Technical feasibility and safety of portal vein (PV) and superior mesenteric vein (SMV) resection during pancreaticoduodenectomy (PD) for cancer has been confirmed, but oncological benefits remain unclear. The present study aimed to explore the long-term outcomes of PD with PV/SMV resection and proven histologically invasion.

Patients and methods

A total of 95 consecutive PD were performed between January 2008 and August 2013, and 29 patients underwent PV/SMV resection with histologically proven venous tumor infiltration. Patients were matched 1 : 1 to controls who did not undergo venous resection, based on demographic and tumor characteristics.

Results

Disease-free survival (DFS) of the PV/SMV invasion group and control group was 9.5 and 7.6 months, respectively (P=0.51).
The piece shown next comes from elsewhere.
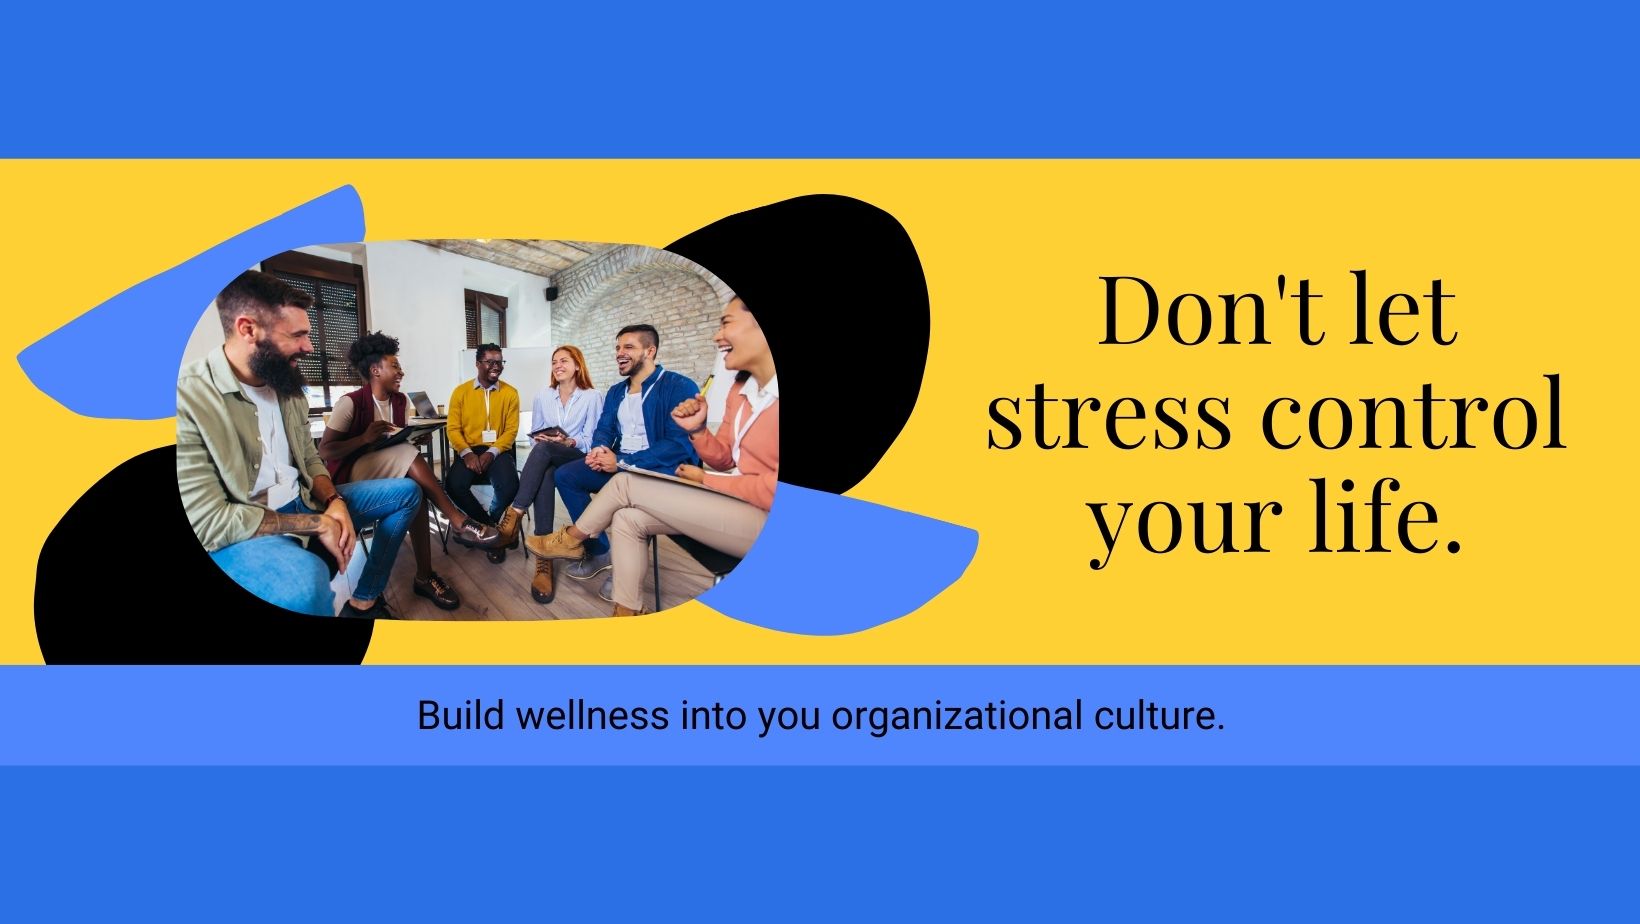 Build wellness into your corporate culture

Median survival and survival at 1, 3, and 5 years were 12.9 months, 59, 17, and 10%, respectively, in case of PV/SMV invasion compared with 20.3 months, 72, 31, and 10%, respectively in control group (P=0.13). Patients with complete transmural infiltration presented nonsignificantly shorter DFS (9.0 months) compared with those with partial venous wall infiltration (18.4 months, P=0.78).

Conclusion

Histologically proven portal venous invasion in patients undergoing PD for adenocarcinoma seemed not to have an effect on both DFS and overall long-term survival.